# 2010 Tarmac Pro Comp Red



## dougrocky123 (Apr 12, 2006)

Any one who owns this bike care to comment about the pros and cons? I'm digging the stealth look and have the bike buying fever. I was going to pull the trigger last weekend but my LBS had sold the last one in stock. Says they won't have more till May so it gives me time to research. Thanks


----------



## jrob1775 (Jan 21, 2010)

dougrocky123 said:


> Any one who owns this bike care to comment about the pros and cons? I'm digging the stealth look and have the bike buying fever. I was going to pull the trigger last weekend but my LBS had sold the last one in stock. Says they won't have more till May so it gives me time to research. Thanks



The Pro is a very nice bike that has a lot of trickle down technology. The frame is the same tube shapes as last year's S-Works SL2, but with FACT 10 carbon instead of the lighter, stiffer FACT 11. The parts spec is a pretty smart mix with RED where you need it and FORCE where it is less important. The only low spot is the down spec in the wheel to the Mavic Ksyrium Elite. Not that it's a bad wheel, but not as nice as the Ksyrium SLs on last year's Pro. If you can get your hands on a 09 at a close out price, then that would be a better deal. I have sold a few Expert level Tarmacs this year (same frame as the Pro) and my customers have been very happy. I also ride a S-Works SL3 and absolutely love it!:thumbsup:


----------



## dougrocky123 (Apr 12, 2006)

*Expert*

I have considered the Tarmac Expert as they are the same frame and the Expert is $1100 less. Their is probably a small weight penality with Ultegra vs Sram mix plus I like the stealth look of the Pro.


----------



## Taskmaxter (Apr 11, 2004)

I purchased a 2010 Tarmac Pro with SRAM red. It is the flat black color - the bike rocks and I haven't regretted buying it at all. I had a 2005 Roubaix Pro that I replaced it with and the stiffness of the 2010 Tarmac is amazing. The first few rides I actually questioned if it might be too stiff, but I soon got used to it and would never go back. I swapped out the Mavic Elite wheels for a set of Mavic SL's that I was running on my Roubaix. I just like the SL's better.
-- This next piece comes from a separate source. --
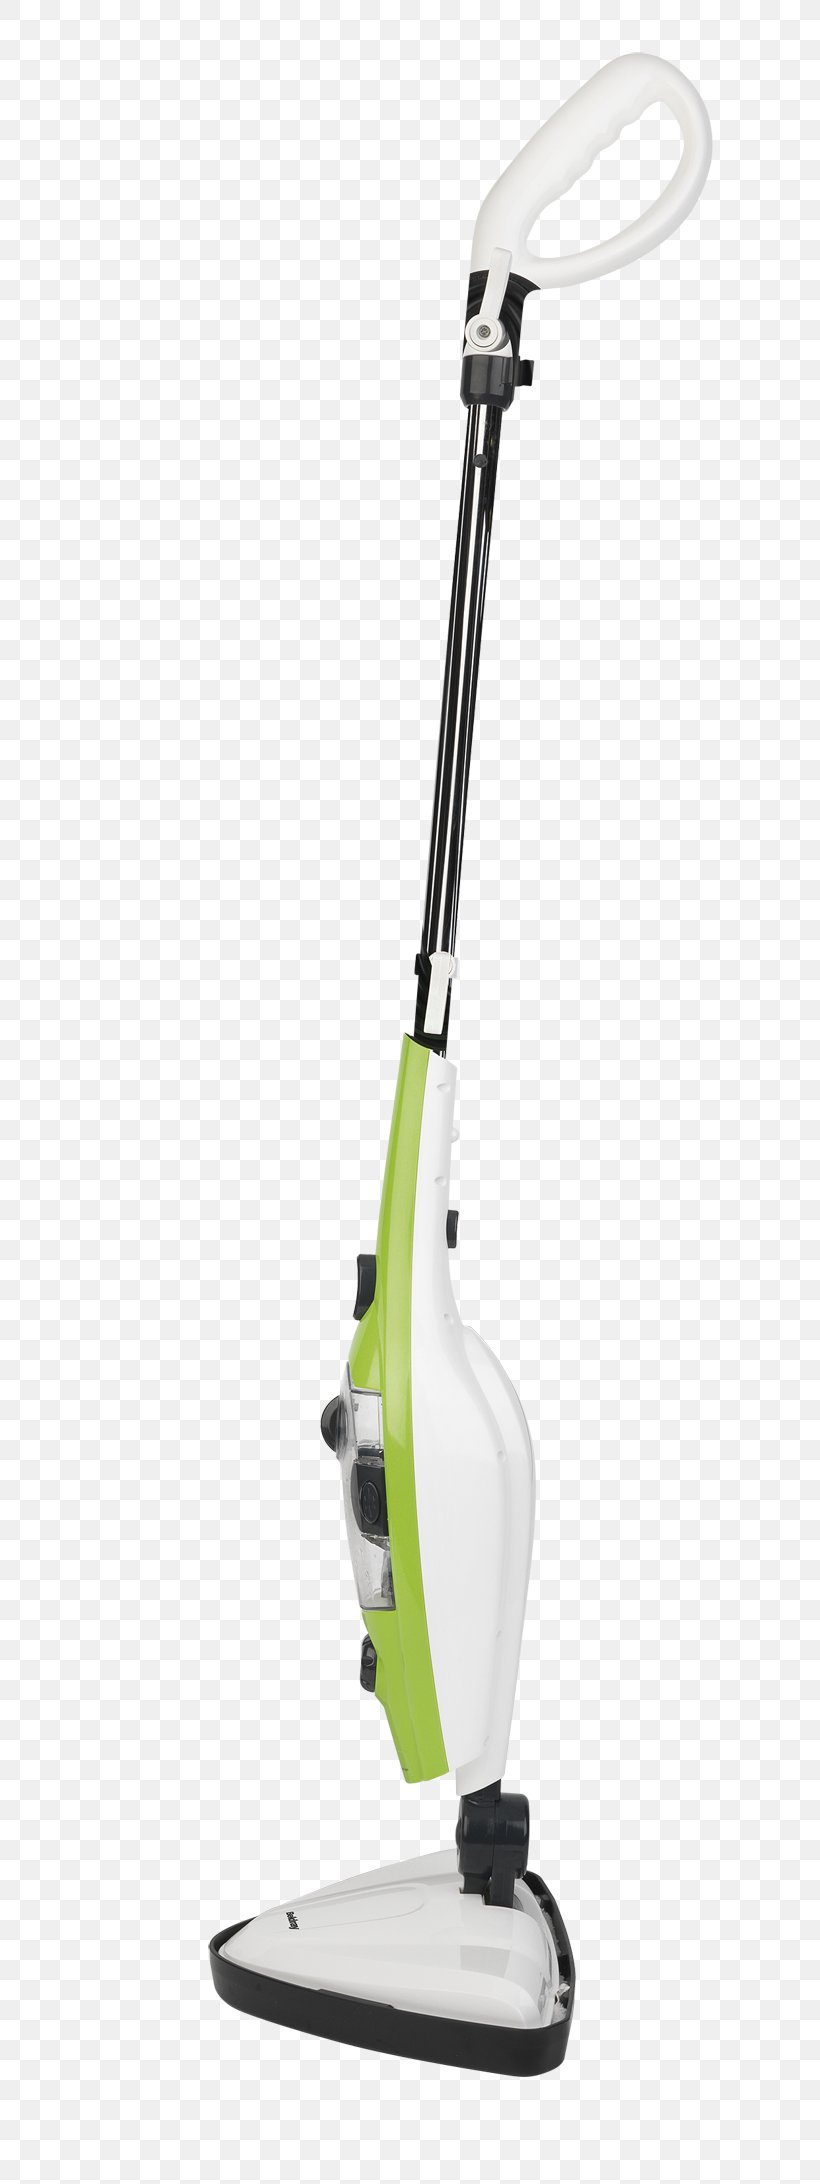 Tool Steam Mop Vacuum Cleaner Vapor Steam Cleaner, PNG, 781x2184px, Tool, Broom, Carpet, Cleaner, Cleaning Download Free

Overall, no con's that I can think of unless having to swap out the SRAM chain for a Dura Ace chain is a con (since the shifting was poor until the swap was made).

Pro's: Love the color, stiffness, the tracking thru the corners, braking is excellent, shifting is great, and love how light the bike is.
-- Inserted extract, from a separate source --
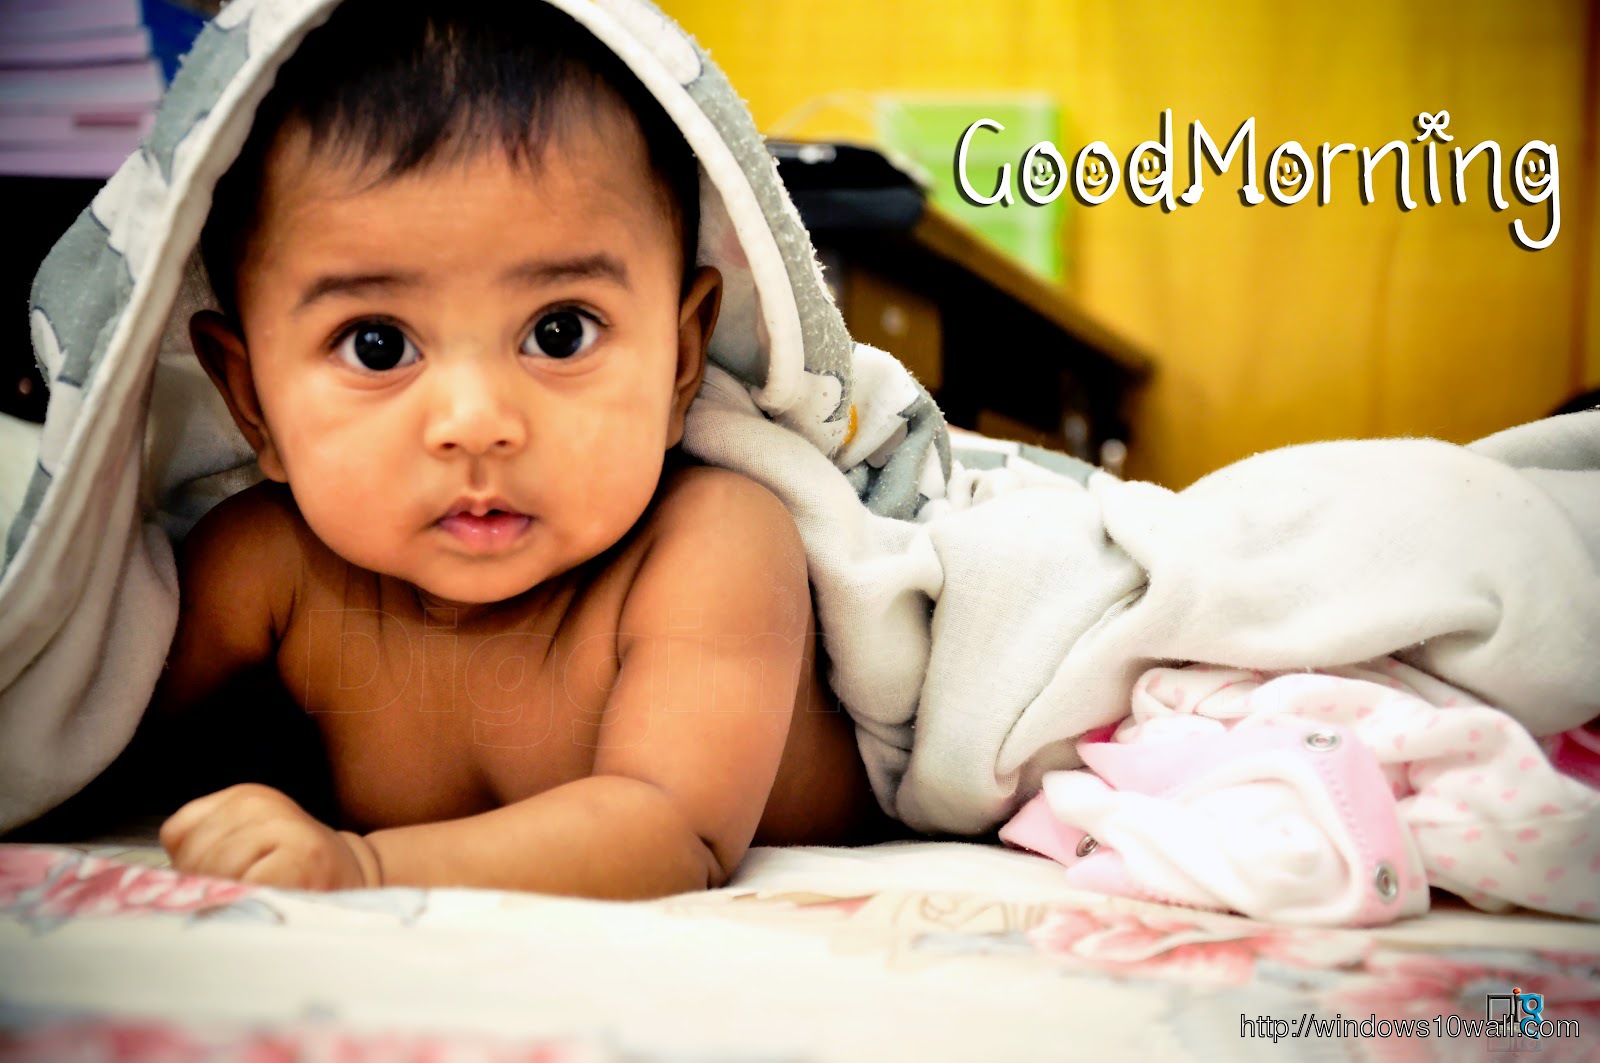 sweet baby good morning images free download

Also, I've been quite happy with the Specialized crankset (BB30) that came on the bike. I was concerned that it might be problematic since it wasn't a Shimano or SRAM crankset. It has been great and the front shifting is very smooth.


----------



## nocondorfx (Oct 22, 2005)

stiff, stiff, light, light, stiff, light. looks good. Not too many complaints
15.5lbs as is size 56. heavy ultegra pedals, force brakes, stock stem,etc.


----------



## MaddSkillz (Mar 13, 2007)

Can someone give the real world weight of the Pro in SRAM or Dura Ace? I'm just curious what the ballpark range is.

Edit: Thanks for posting that nocondorfx! Nice ride!


----------



## pvflyer (Oct 15, 2009)

*Pro Sl 2010*



MaddSkillz said:


> Can someone give the real world weight of the Pro in SRAM or Dura Ace? I'm just curious what the ballpark range is.
> 
> Edit: Thanks for posting that nocondorfx! Nice ride!


 My specs:

2010 Tarmac Pro 54cm 
Specialized Pro cranks 620 gr W/hardware BB30
Specialized CF stem 110mm 
Specialized Toupe Team Edition saddle 160gr
Specialized S'Works seat post 200 gr 
Ultegra SL: Shifters ( heavy), Brakes, front&rear derailleur
Dura-Ace rear cassete 11-27 Dura-Ace chain 
Reynolds Wheels (assault) (This picture) a bit heavier then Dura-Ace CF clinchers Wheels and CST tires regular inner tubes.
FSA K'WING CF handlebar 220 gr 

Here, is my bike weight ready be ridden 15.52lbs.

If I had SRAM FORCE or RED I think the total weight could be under 15lbs or pretty close too. The Ultegra shifters are really heavy.
Regards


----------



## MaddSkillz (Mar 13, 2007)

pvflyer said:


> My specs:
> 
> 2010 Tarmac Pro 54cm
> Specialized Pro cranks 620 gr W/hardware BB30
> ...


That's still impressive! Thank you for posting that for me! 

I really need to get this bike! Maybe I can sell a kidney. =)

BTW, that stem and those handlebars are really nice!


----------



## pvflyer (Oct 15, 2009)

MaddSkillz said:


> That's still impressive! Thank you for posting that for me!
> 
> I really need to get this bike! Maybe I can sell a kidney. =)
> 
> ...


----------



## MaddSkillz (Mar 13, 2007)

Yeah, I've been watching Ebay and there are some good deals there for sure... I may end up going that route.


----------